“You cannot believe, Ruth,” he said, “that I shall ever forget? We have been through too much together, too many dark days.”
She sighed.
“There wasn’t much for either of us to look forward to, was there, when we first looked down on the river together and you began to tell me fairy stories.”
“They kept our courage alive,” he declared. “I am not sure that they are not coming true.”
She half closed her eyes.
“For you, Arnold,” she murmured. “Not all the fancies that were ever spun in the brain of any living person could alter life very much for me.”
He took her hand and held it tightly. Yet it was hard to know what to say to her. It was the inevitable tragedy, this, of their sexes and her infirmity. He realized in those few minutes something of how she was feeling,—the one who is left upon the lonely island while the other is borne homeward into the sunshine and tumult of life. There was little, indeed, which he could say. It was not the hour, this, for protestation.
They passed along Piccadilly, across Leicester Square, and into the Strand. The wayfarers in the streets, of whom there were still plenty, seemed to be lingering about in sheer joy of the cooler night after the unexpected heat of the day, the women in light clothes, the men with their coats thrown open and carrying their hats.
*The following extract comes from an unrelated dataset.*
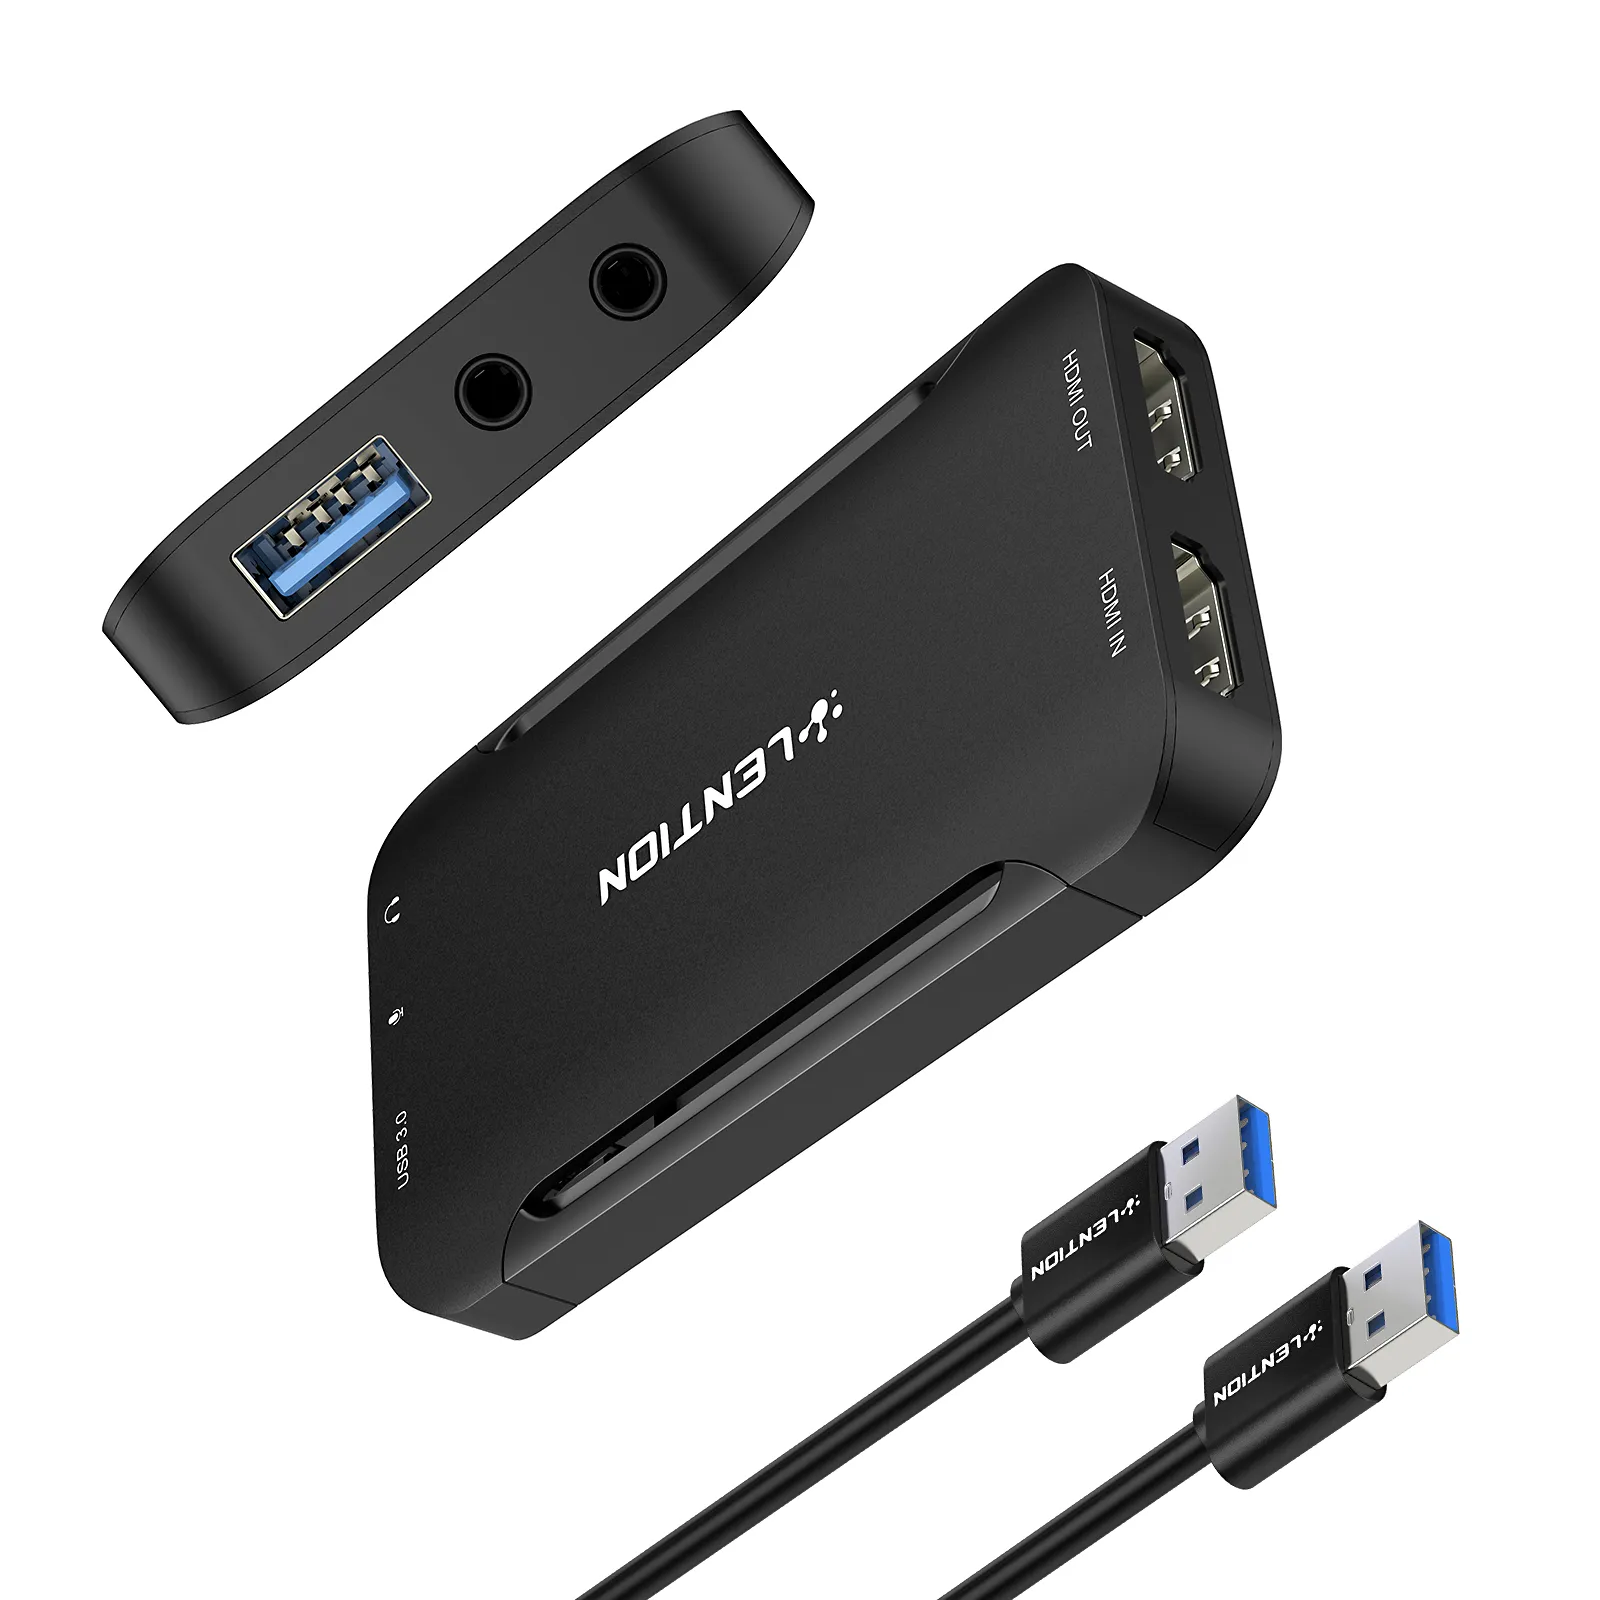 Lention USB 3.0 HDMI Video Capture Card, 1080p60 HD Video Streaming and Game Capture, HDMI PACTHROUGH, Arbeta med OBS, Xbox, PS4, Switch, Gaming, Recording

They passed down the Strand and into Adam Street, coming at last to a standstill before the tall, gloomy house at the corner of the Terrace. Arnold stepped out onto the pavement and helped his companion to alight. The chauffeur lifted his hat and the car glided away. As they stood there, for a moment, upon the pavement, and Arnold pushed open the heavy, shabby door, it seemed, indeed, as though the whole day might have been a dream.
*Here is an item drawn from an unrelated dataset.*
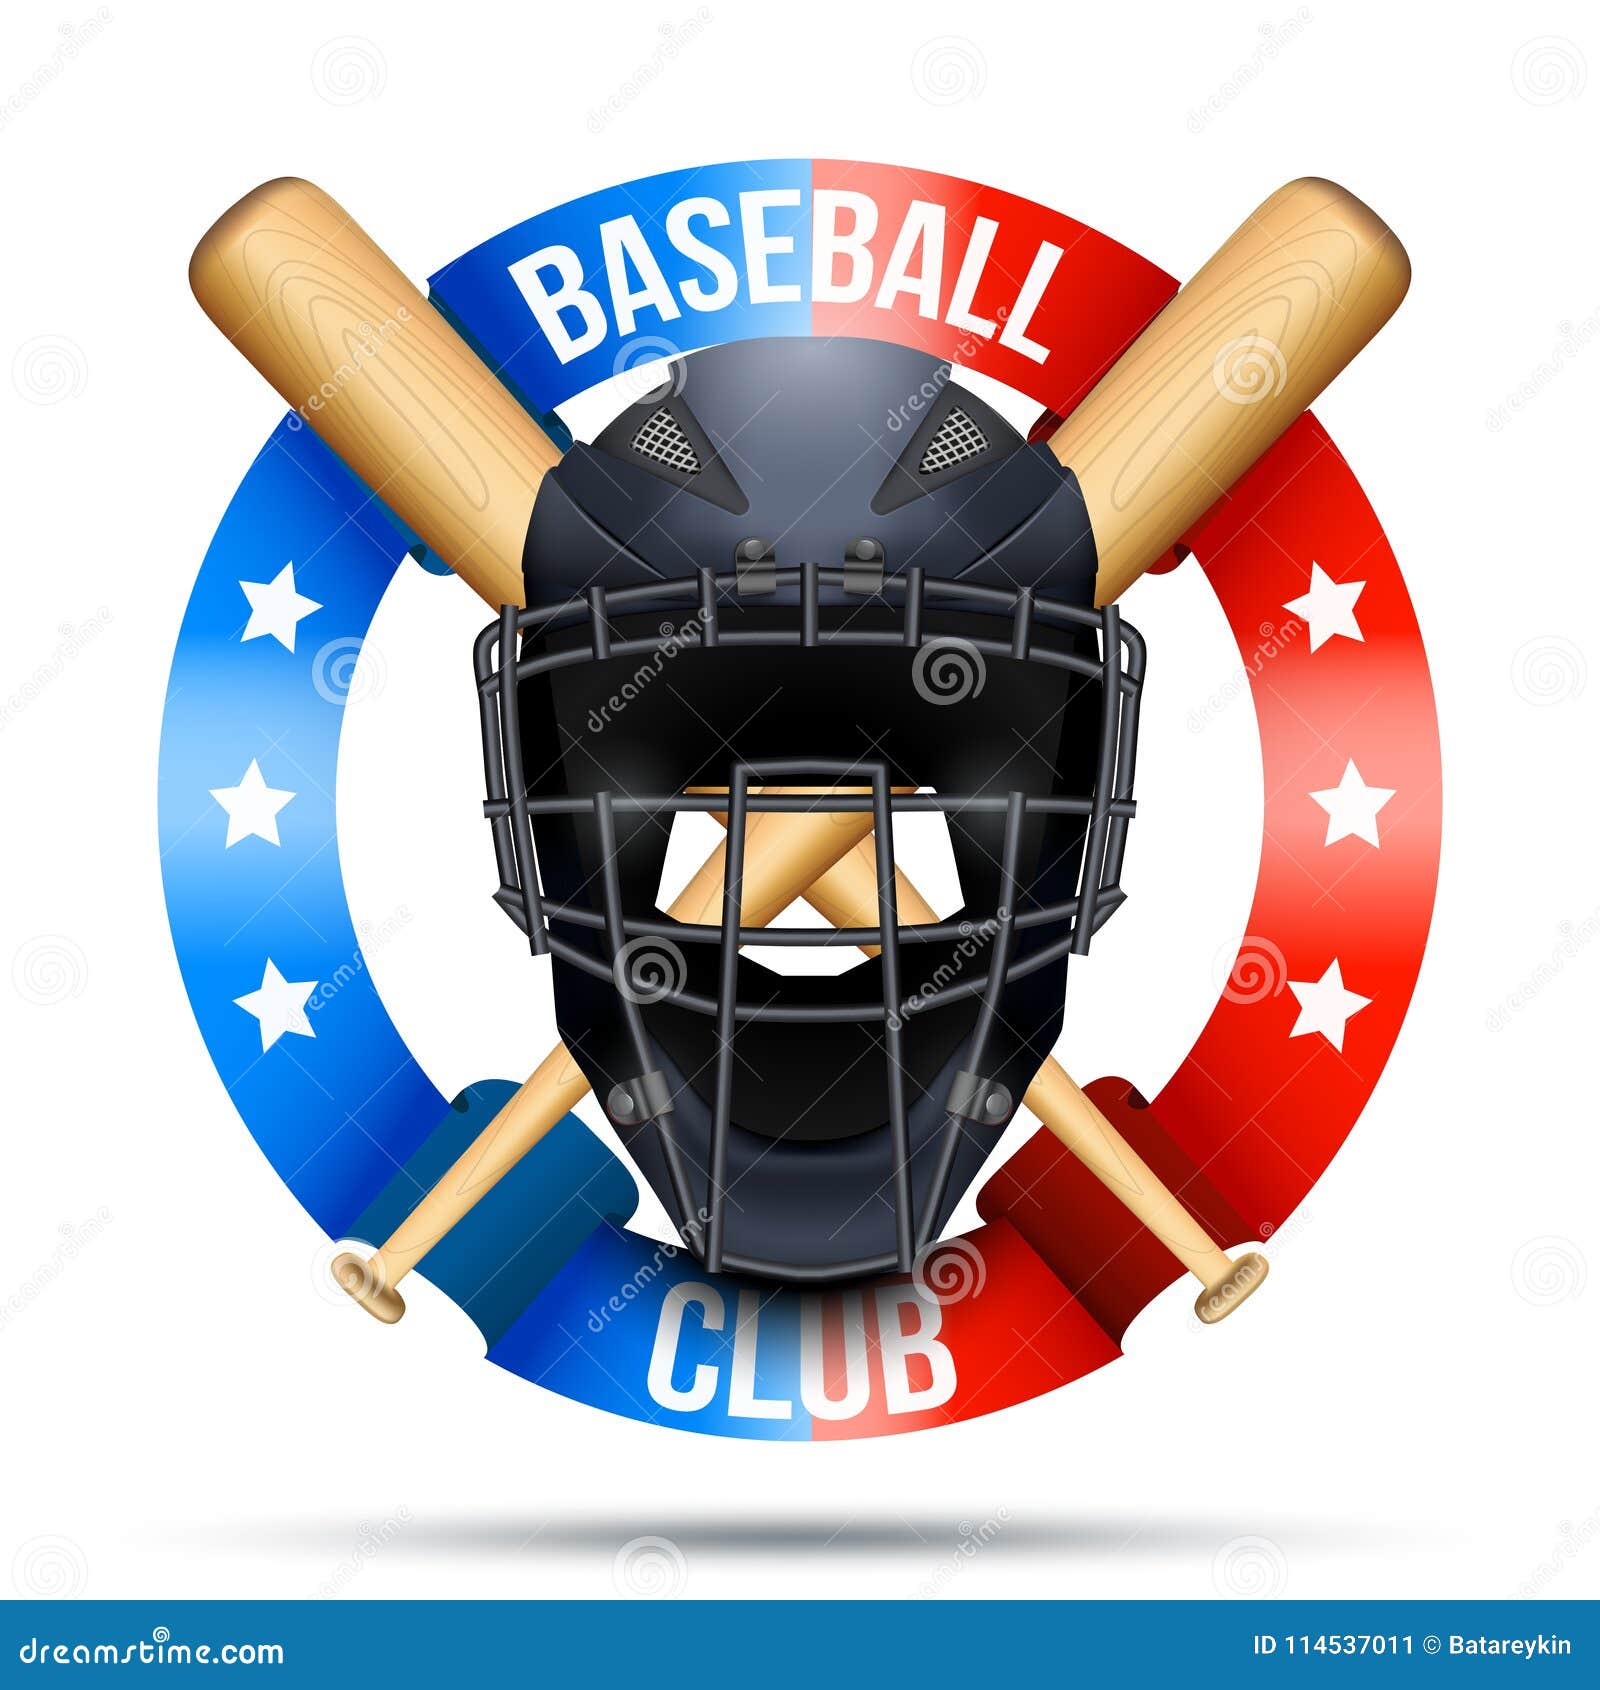 Helm Catcher Baseball Sport Icon Graphic by yellowhellow

Ruth moved wearily along the broken, tesselated pavement, and paused for a moment before the first flight of stairs. Arnold, taking her stick from her, caught her up in his arms. Her fingers closed around his neck and she gave a little sigh of relief.
“Will you really carry me up all the way, Arnie?” she whispered. “I am so tired to-night. You are sure that you can manage it?”
He laughed gayly.
“I have done it many times before,” he reminded her. “To-night I feel as strong as a dozen men.”
One by one they climbed the flight of stone steps. Curiously enough, notwithstanding the strength of which he had justly boasted, as they neared the top of the house he felt his breath coming short and his heart beating faster, as though some unusual strain were upon him. She had tightened her grasp upon his neck. She seemed, somehow, to have come closer to him, yet to hang like a dead weight in his arms. Her cheek was touching his. Once, toward the end, he looked into her face, and the fire of her eyes startled him.
“You are not really tired,” he muttered.
“I am resting like this,” she whispered.